Zum anderen hält er sich angesichts der Geschichte und des Stadtbilds Detroits nicht lange mit Glorifizierungen auf, sondern geht lieber auf soziale und ökonomische Bedingungen ein, die diesen Ort genau so haben werden lassen.(...)
Die Ruinen der Stadt sind für Craig Mahnmale, etwa eine verlassene Fabrik in der Nähe seines Büros, bei der keine Fensterscheibe mehr heil ist.
"Ich sehe dieses Gebäude jeden Tag. Es stellt für mich die Geschichte von Detroit dar, die Geschichte eines Ortes, der eine blühende Industriestadt war und jetzt eben nicht mehr ist. Solche Ruinen sind Monolithen, aber sie sagen mir in geschichtlicher Hinsicht das Gleiche wie die Trümmer in Rom oder Griechenland: Es geht um das Erinnern einer gewesenen Kultur. Diese Fabrik erzählt von einstiger Größe - und sie ist das Gerippe, das davon übrig blieb."(...)
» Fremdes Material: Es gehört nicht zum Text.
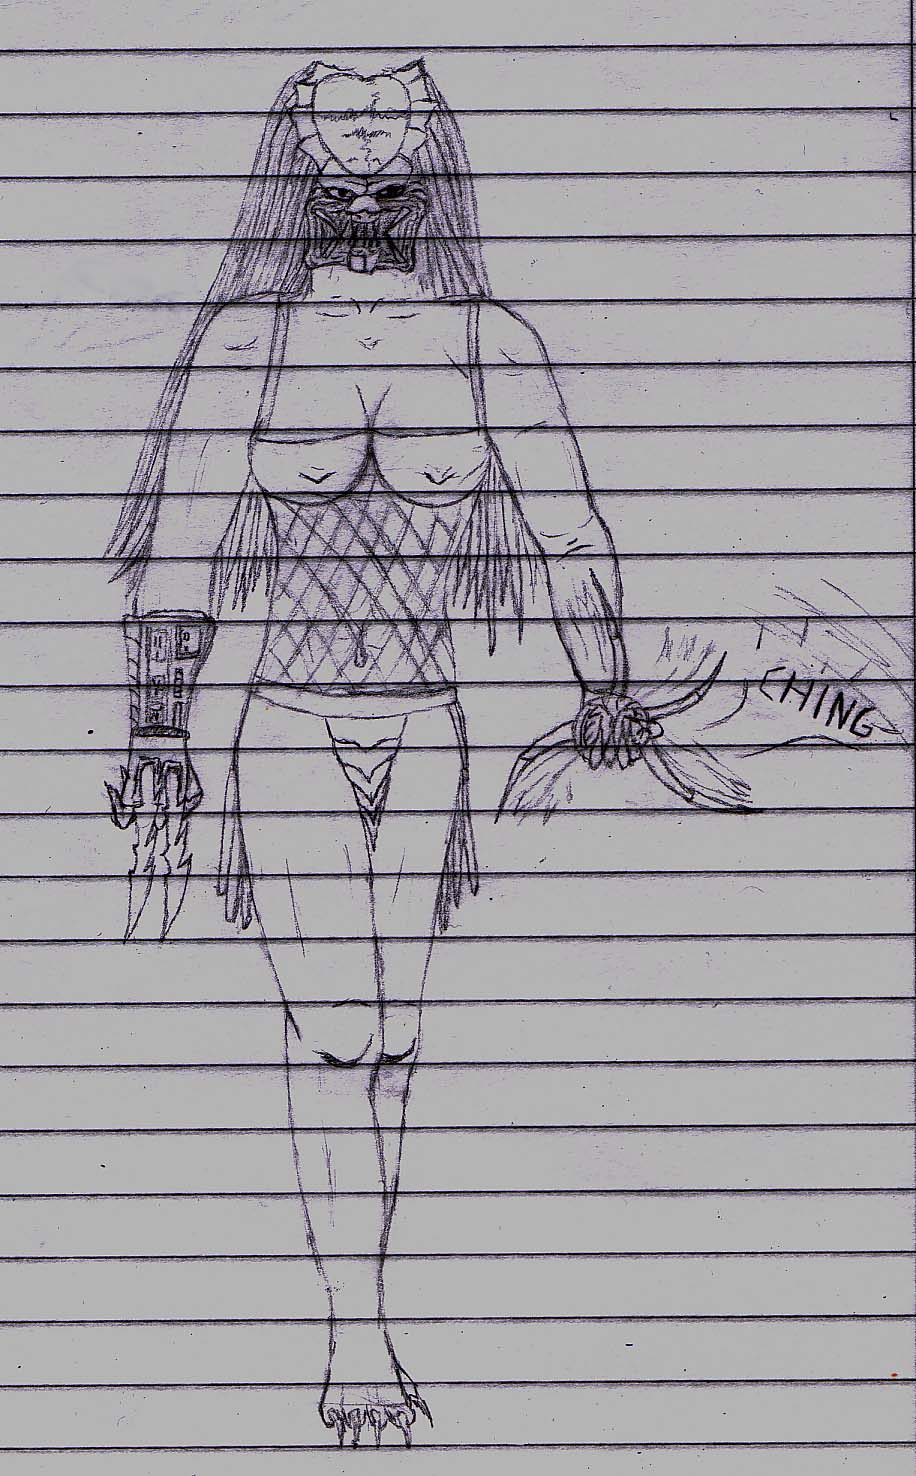 Drawn warrior yautja By on Snackrib Wolfy Wolfy
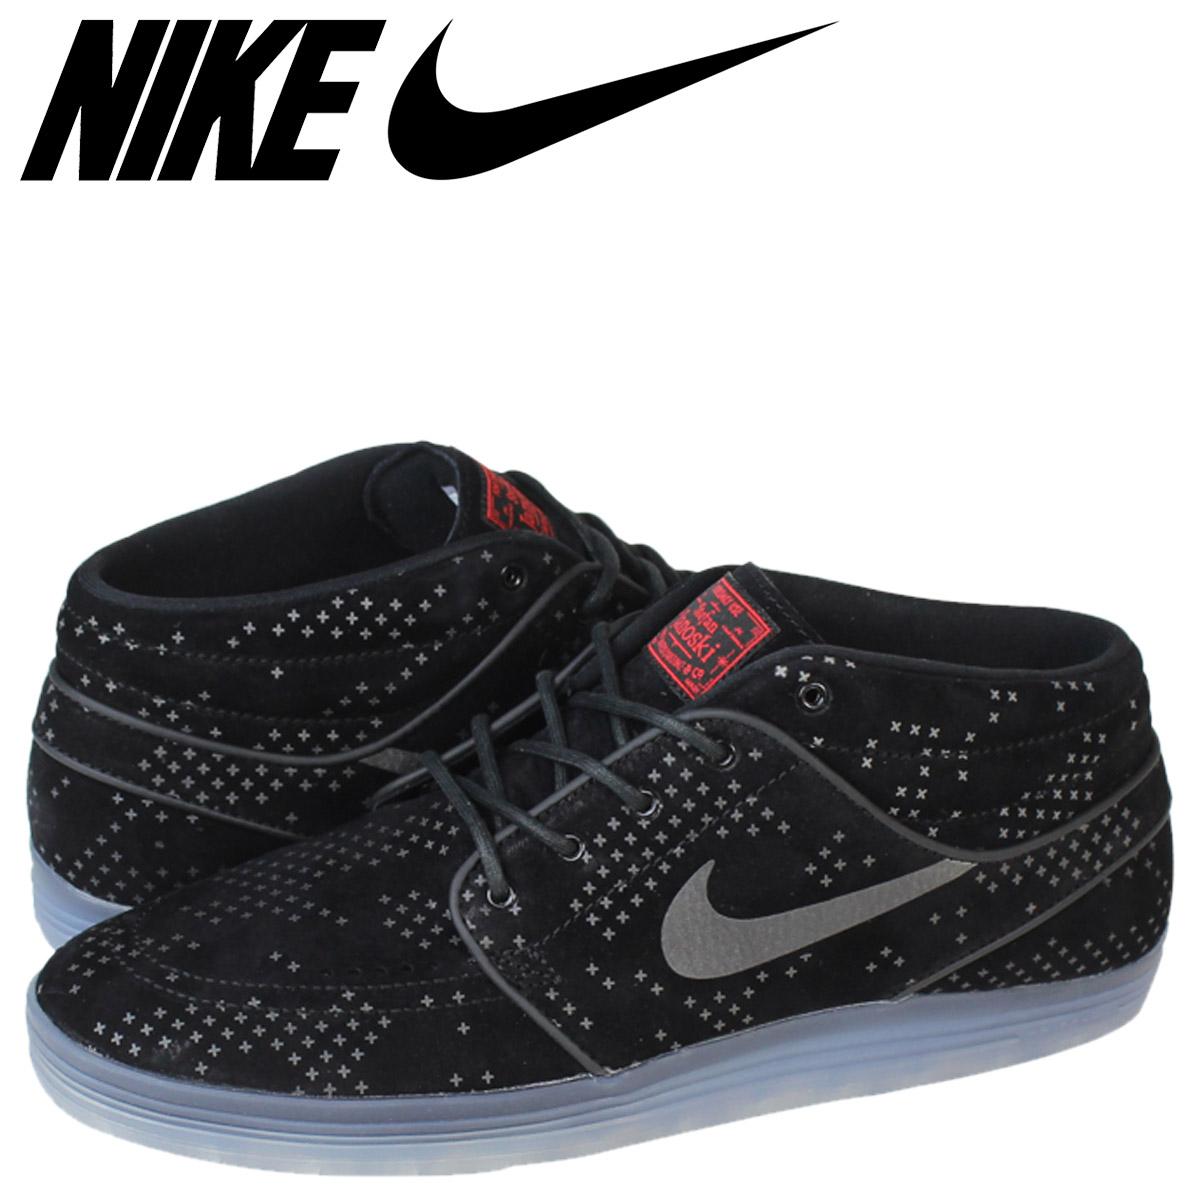 677d70095926 Whats up Sports  NIKE Nike Luna sneakers LUNAR STEFAN JANOSKI MID ...

"Es gibt keine andere Stadt auf der Welt, die wie Detroit ist. Henry Ford hat hier das Fließband erfunden, und dieses Konzept hat Berry Gordy darin beeinflusst, wie er Motown führte. Gordy wollte ohne Unterlass Musik produzieren und sie konstant veröffentlichen, einfach, um immer genug Angebot für die Nachfrage zu haben. Als die Autoproduktion aber zunehmend auf Roboter umstieg, hat das Juan Atkins beeinflusst. Beide waren also im Grunde inspiriert von diesem Ford'schen System. Ich glaube, an einem anderen Ort als Detroit hätte so etwas gar nicht entstehen können: diese Idee, etwas, das im Grunde so kalt ist, durch Musik mit Seele aufzuladen."(...)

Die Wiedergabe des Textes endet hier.